**DESCRIPTION OF THE TASK:** Quote exactly and only this range of lines in the data below: the line that holds "Holmes HAOF920, HAOF720" to the line that holds "Couple's hands on shower screen", both included.

**SUPPLIED DATA:**
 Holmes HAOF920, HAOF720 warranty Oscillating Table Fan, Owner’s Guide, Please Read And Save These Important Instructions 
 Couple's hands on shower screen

---

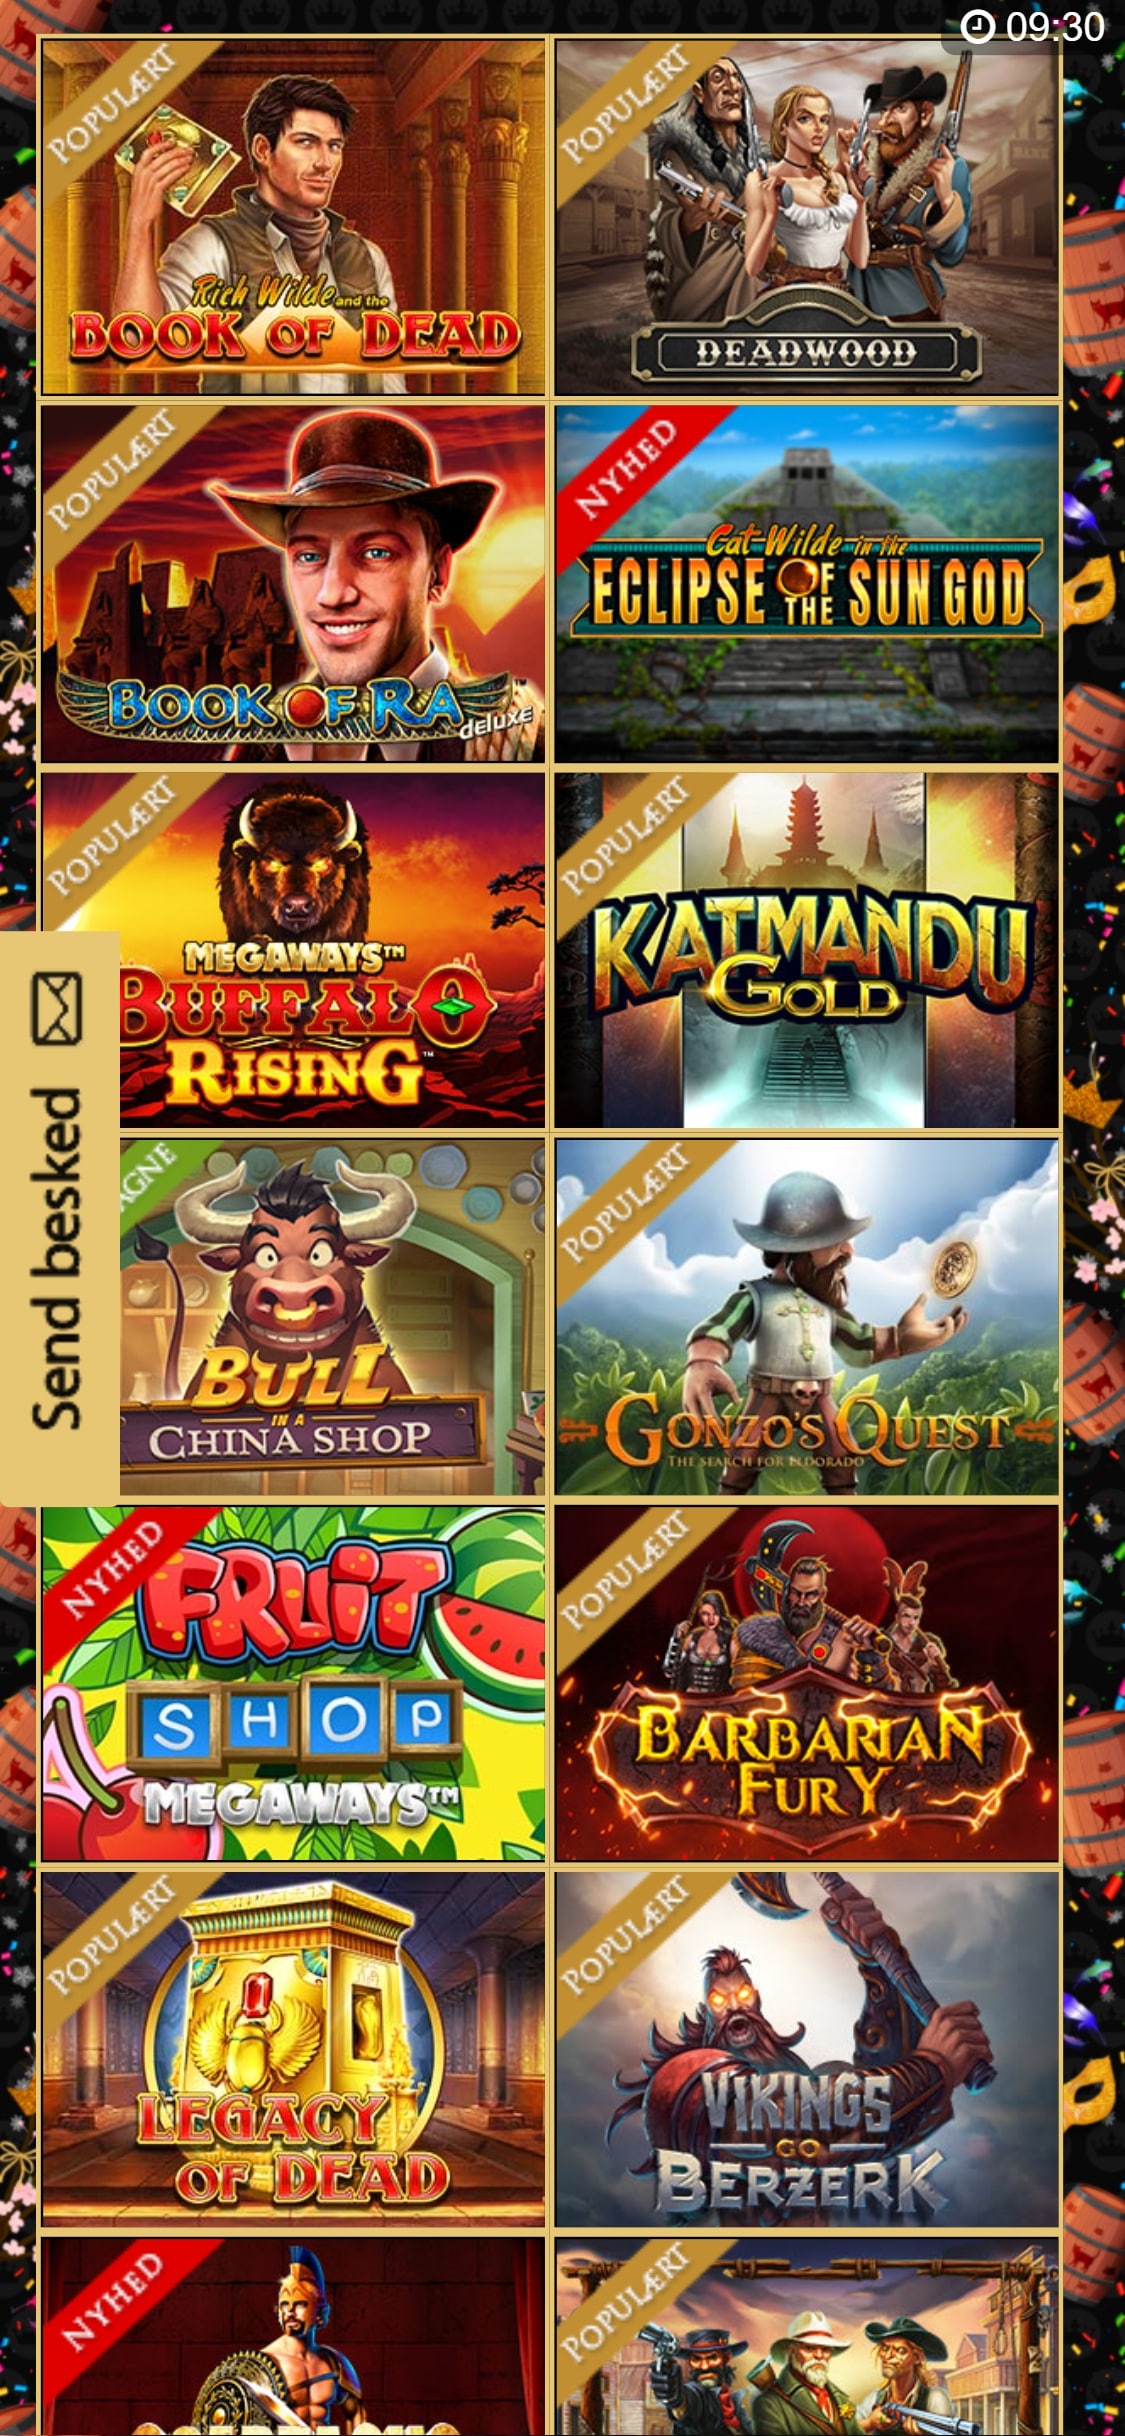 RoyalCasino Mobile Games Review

**ANSWER BELOW:**
 Holmes HAOF920, HAOF720 warranty Oscillating Table Fan, Owner’s Guide, Please Read And Save These Important Instructions 
 Couple's hands on shower screen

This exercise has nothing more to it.